[TAP] case sensitivity of query
dtody at nrao.edu
Thu Mar 5 10:26:40 PST 2009
On Thu, 5 Mar 2009, Gerard wrote:
> Dear Doug
> You made some statements that I have not seen discussed/decided yet:
>> The SimDB case cited by Gerard is a different matter. A data
>> model may specify case insensitive semantics if it wishes to.
> You seem to indicate that at least certain aspects of the following
> statement from p10 in TAP 0.4 have
> been decided on.
> [Arguably, the requirements above come into force because a
> service is registered as TAP. This opens the question as to
> inheritance of requirements when a service derived from TAP is
> registered in a different form. E.g., a service searching a catalogue
> image cubes could be defined as a TAP service with a specific
> data-model and a different form of registration. In this case it is not
> clear that ADQL query would still be mandatory. This point was
> discussed briefly at the October 2008 Interop but no conclusion
> was reached. -Ed.]
> Is that so?
No, I was not claiming that we had already decided how to do this.

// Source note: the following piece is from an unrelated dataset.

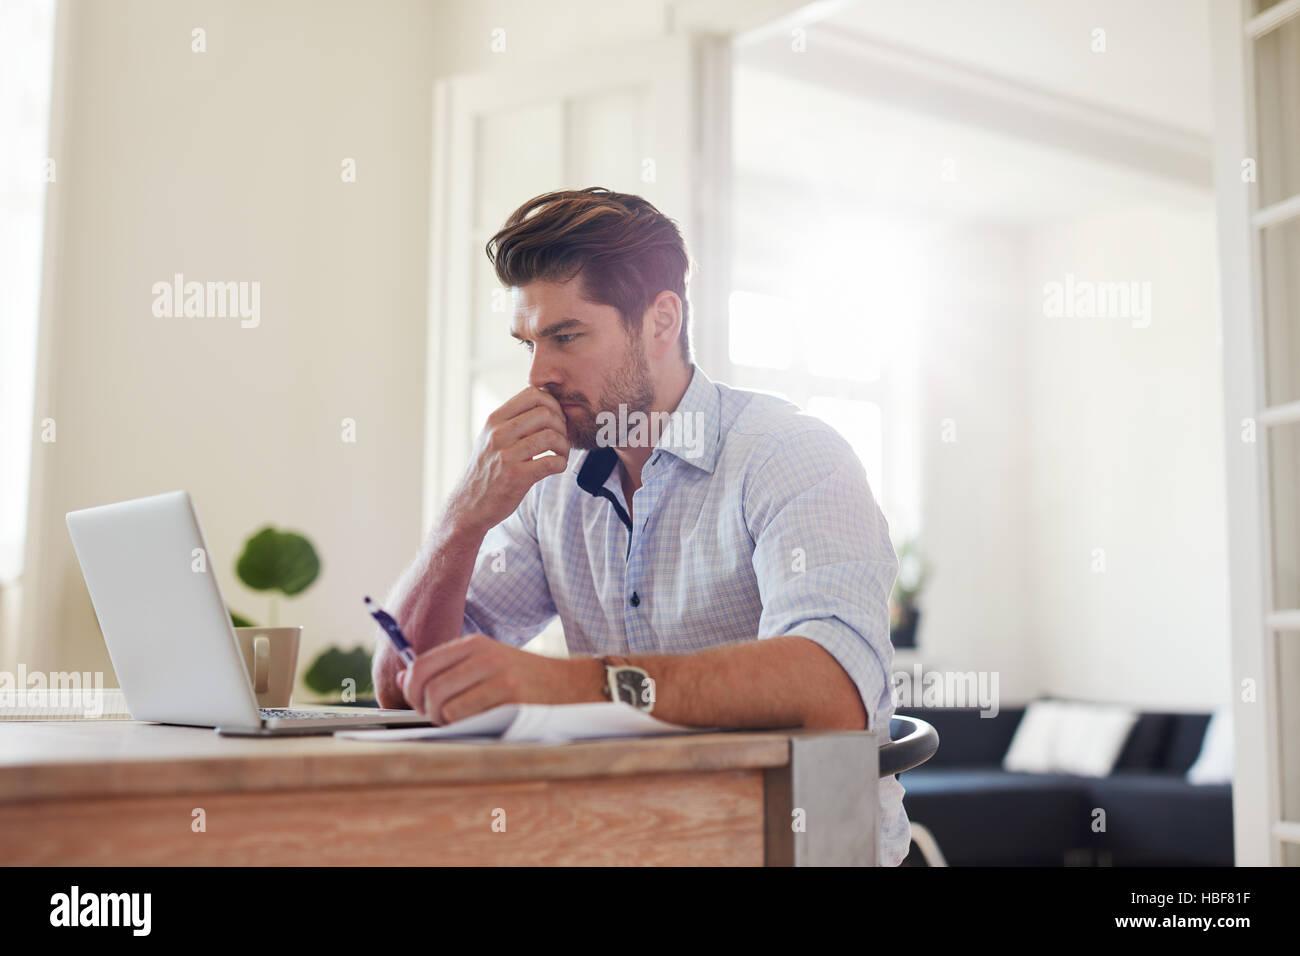 Vue de côté coup de jeune homme pensif assis à la maison et travailler sur ordinateur portable. Homme Photo Stock

The point was merely that in the SimDB type of use case where we
have a well-defined data model which is defined independently of the
implementation in a particular DBMS, it is probably the data model
which wants to be the basis for queries rather than the physical
The solution then for a case like SimDB might be to have data
model based queries be case-insensitive, rather than try to make a
case-sensitive DBMS case-insensitive.
>> UTYPEs for example are case insensitive.

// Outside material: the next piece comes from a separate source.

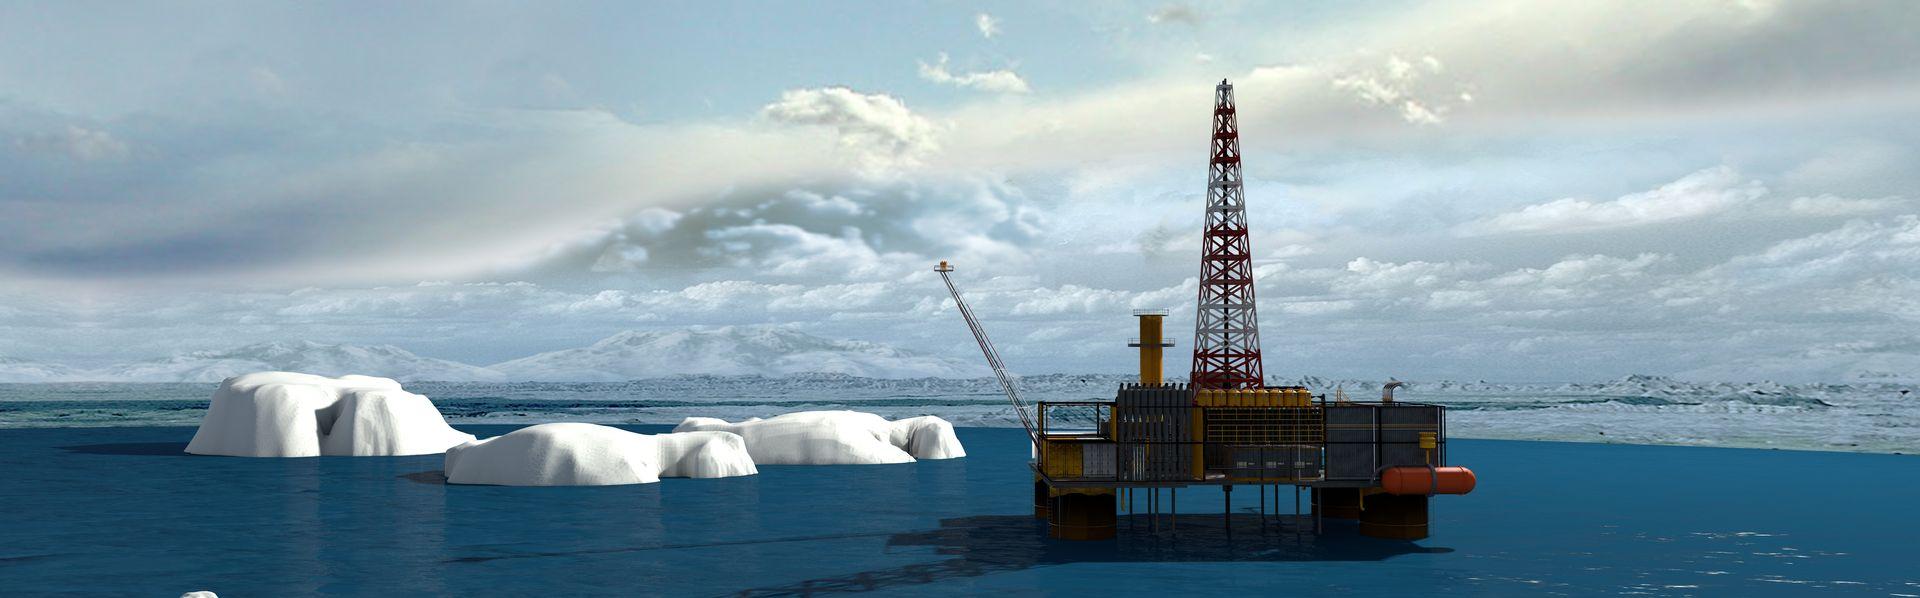 Plateforme pétrolière dans le Grand Nord. [Deposit Photos]

> I must have missed this. Which definition of UTYPE is used here?
The first and most notable use of UTYPE I am aware of is in the DAL
interfaces, specifically SSA. See section 2.11 ("UTYPEs and UCDs")
of the SSA specification:
Both UTYPEs and UCDs are case-insensitive, and case should be
ignored when comparing string values for equality.
The point being that we don't want to require a user or client
application to have to remember whether a UTYPE is (for example)

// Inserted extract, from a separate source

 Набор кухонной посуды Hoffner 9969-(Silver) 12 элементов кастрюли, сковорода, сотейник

"DataID" or "DataId". Nor, in the case of a well defined data model,
do we want to permit such tokens to refer to different things.
This is different than the case of a conventional DBMS containing
data tables, because in this case the DBMS both defines and consumes
its own metadata (table names etc.). A data model is different as
it is defined externally, independent of implementation.